Greenberg blends historical fiction and fantasy in Glass Town (Abrams ComicArts, Mar.), a graphic novel inspired by the imaginary worlds the Brontë siblings created as children.

What attracted you to the Brontës and their childhood?

I’ve always loved their novels. Then I discovered that they had written all this amazing juvenilia. It resonated for me because my first two books are set in an imaginary world, so to a certain extent I knew how it felt to invent a world and populate it with characters, to be a creator-god of your own small universe. What blew my mind was how incredibly detailed and epic their world was; considering how young they were, it’s a feat.

Is your Glass Town based closely on the Brontës’ version?

Oh, I made up a lot. When I was researching, I initially got very attached to the source material, but there was no way I could use it all.

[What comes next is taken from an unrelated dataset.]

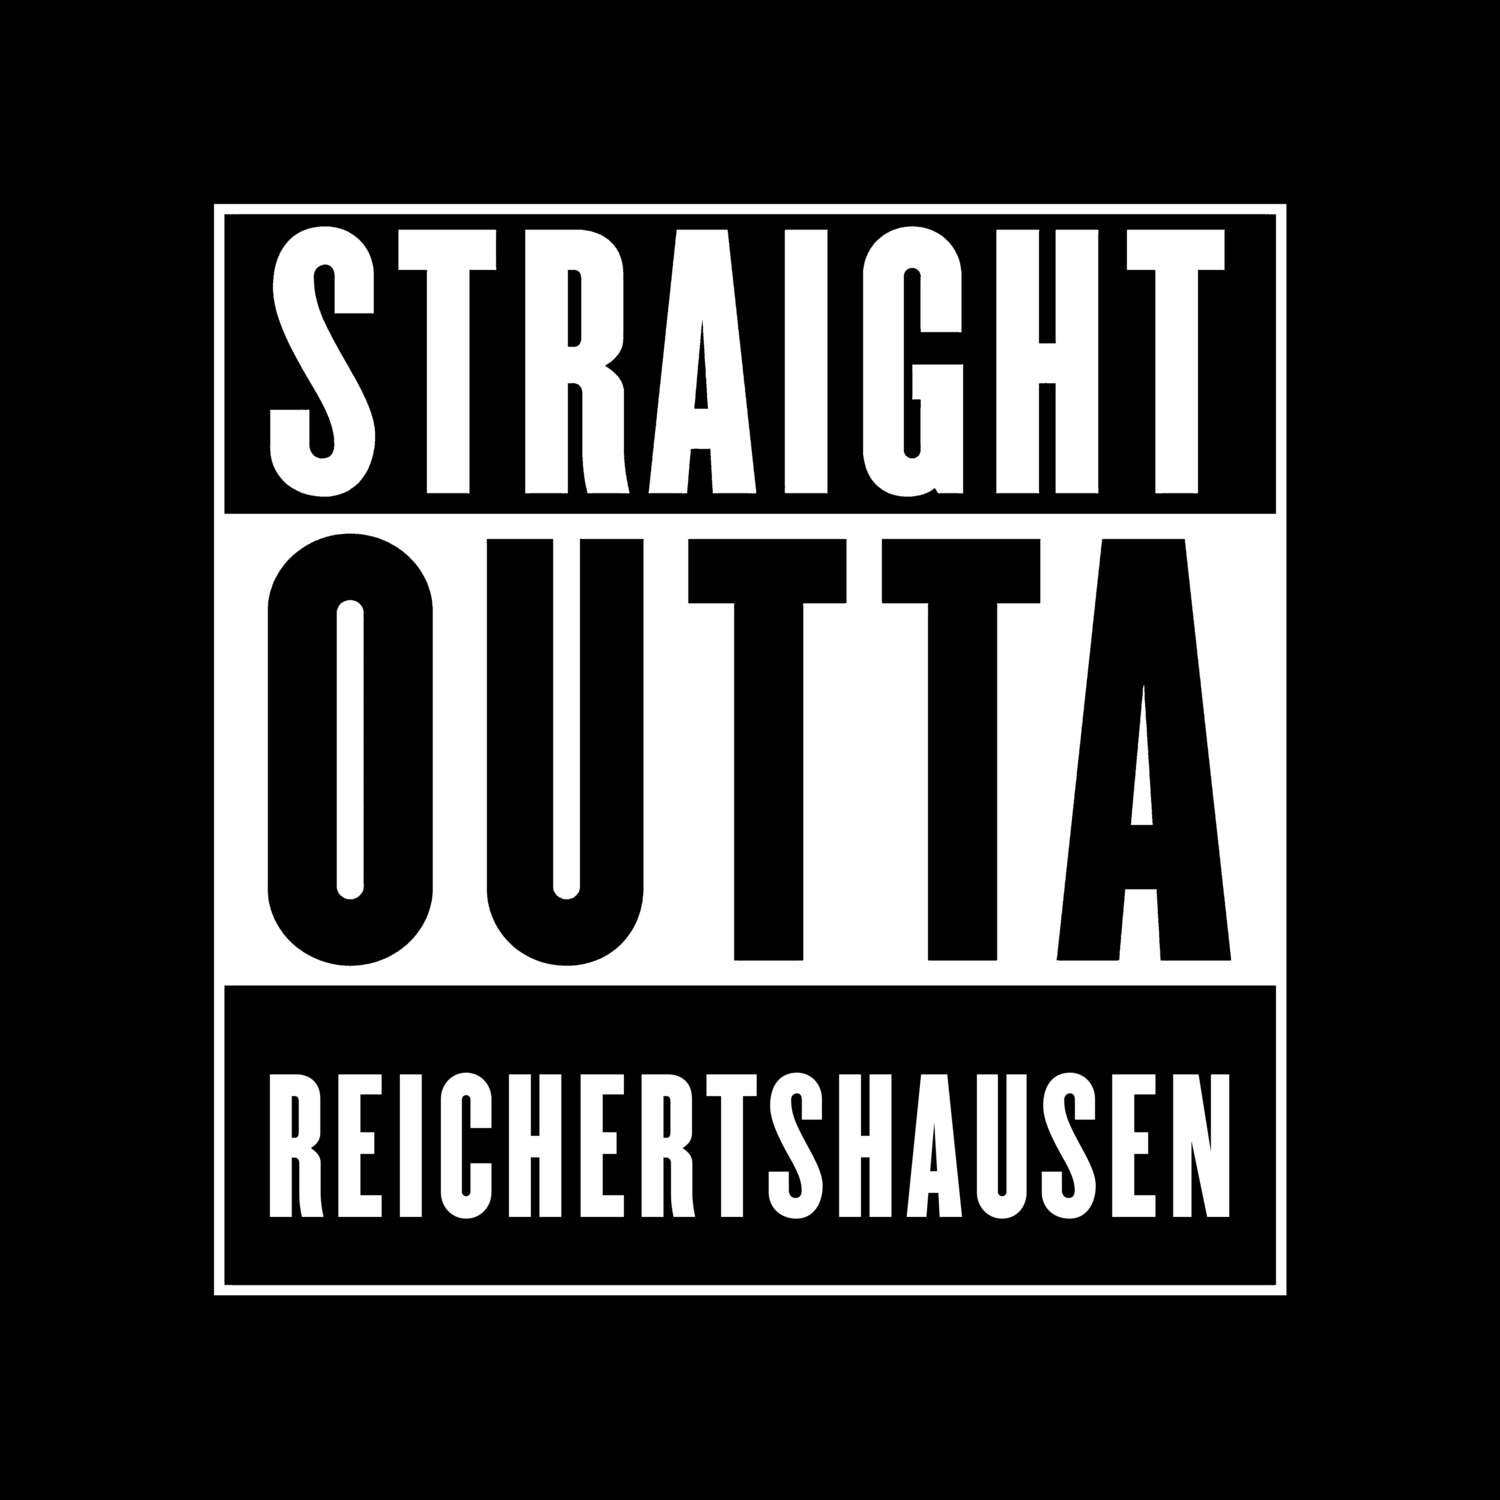 Reichertshausen T-Shirt »Straight Outta«

In the end, I picked five characters that were most intriguing to me and loosely kept their plot arcs.

Also, my book isn’t just about that imaginary world; it’s about creating an imaginary world, and the way that Charlotte Brontë’s reality and fiction began to blend. She would see her characters looking at her through classroom windows, and there are descriptions of her and Emily playacting their own characters to each other well into their teens.

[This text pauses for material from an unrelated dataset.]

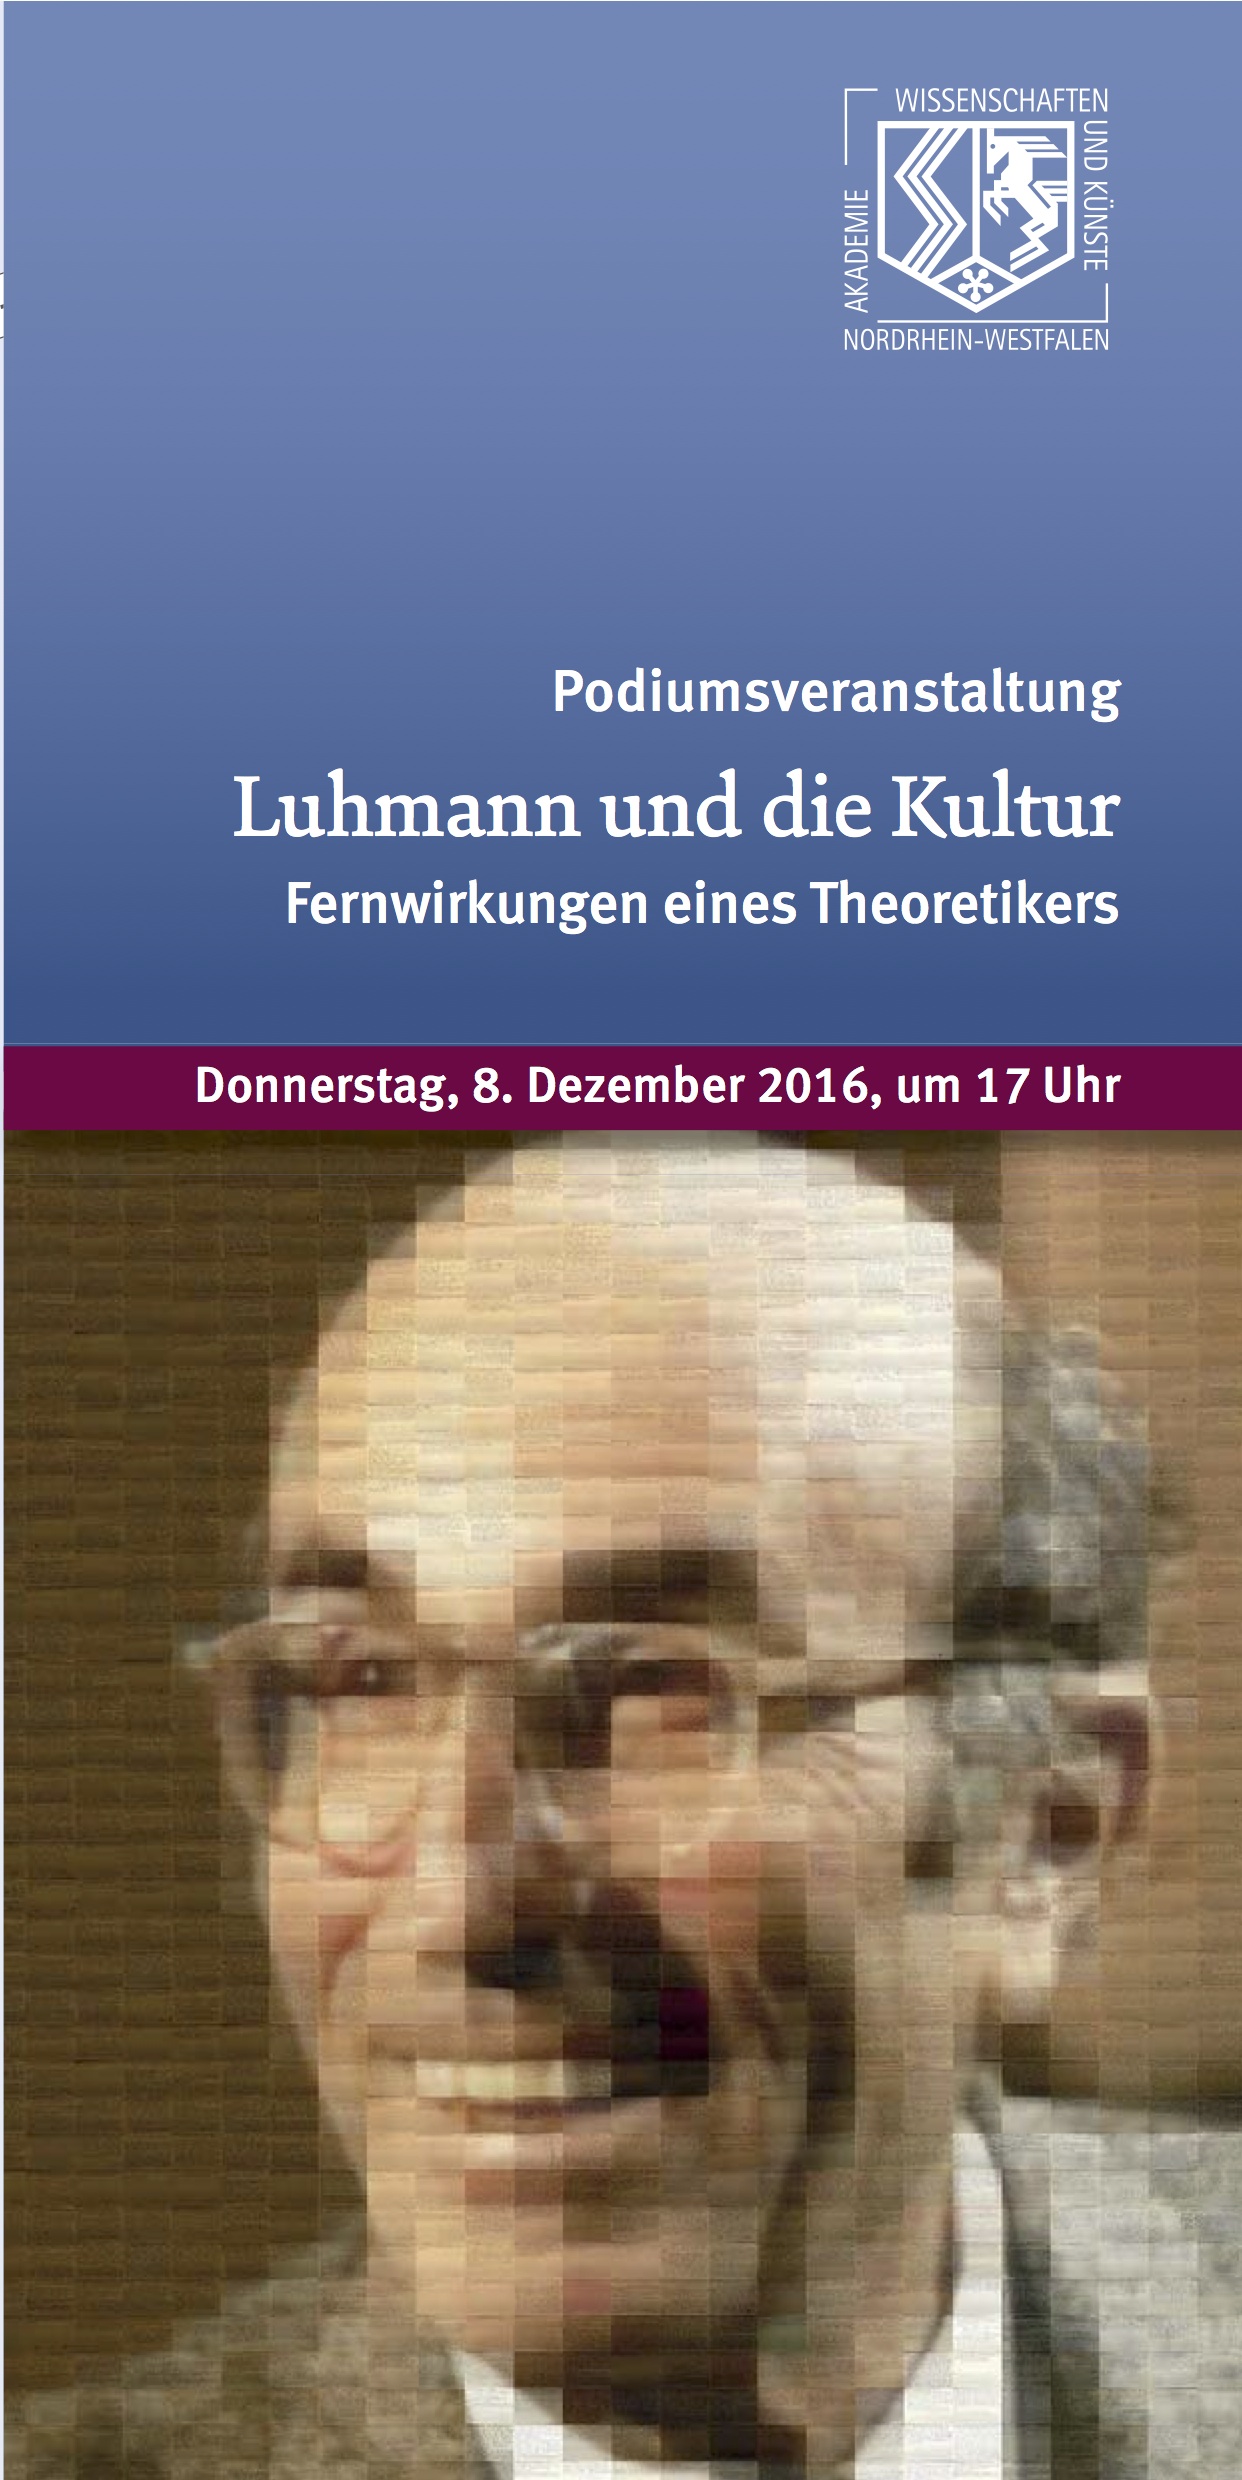 Luhmann und die Kultur. Fernwirkungen eines Theoretikers, Bild: Podiumsveranstaltung, AWK Düsseldorf, 8.12.2016.

Anything notable you kept out?

A lot of colonialism. They were children of their time. I didn’t want to leave it out entirely, because it was true, but I wanted to tread a fine line for modern readers. That was one of the hardest things.

In the graphic novel, how did you find a way to differentiate between what was real and what was fantasy?

I created three separate color palettes. The present day is in blues and grays because it’s meant to be quite sad—Charlotte’s looking back; she’s the only one left alive, the other siblings have died, and she’s conversing with an imaginary character. The childhood flashbacks are in sepia, and the imaginary world is in full color. I want it to feel like you’re in this amazing Technicolor world after the muted color palettes of reality.

Much of your work deals with the nature of storytelling; what got you interested in metanarratives?

I was a big reader as a kid, worldbuilding stuff like Philip Pullman, Ursula Le Guin, Diana Wynne Jones, Joan Aiken—and I still reread them. When you read and reread, it gets into your brain. I love folktales and fairy tales because they’re like the bones with nothing on them.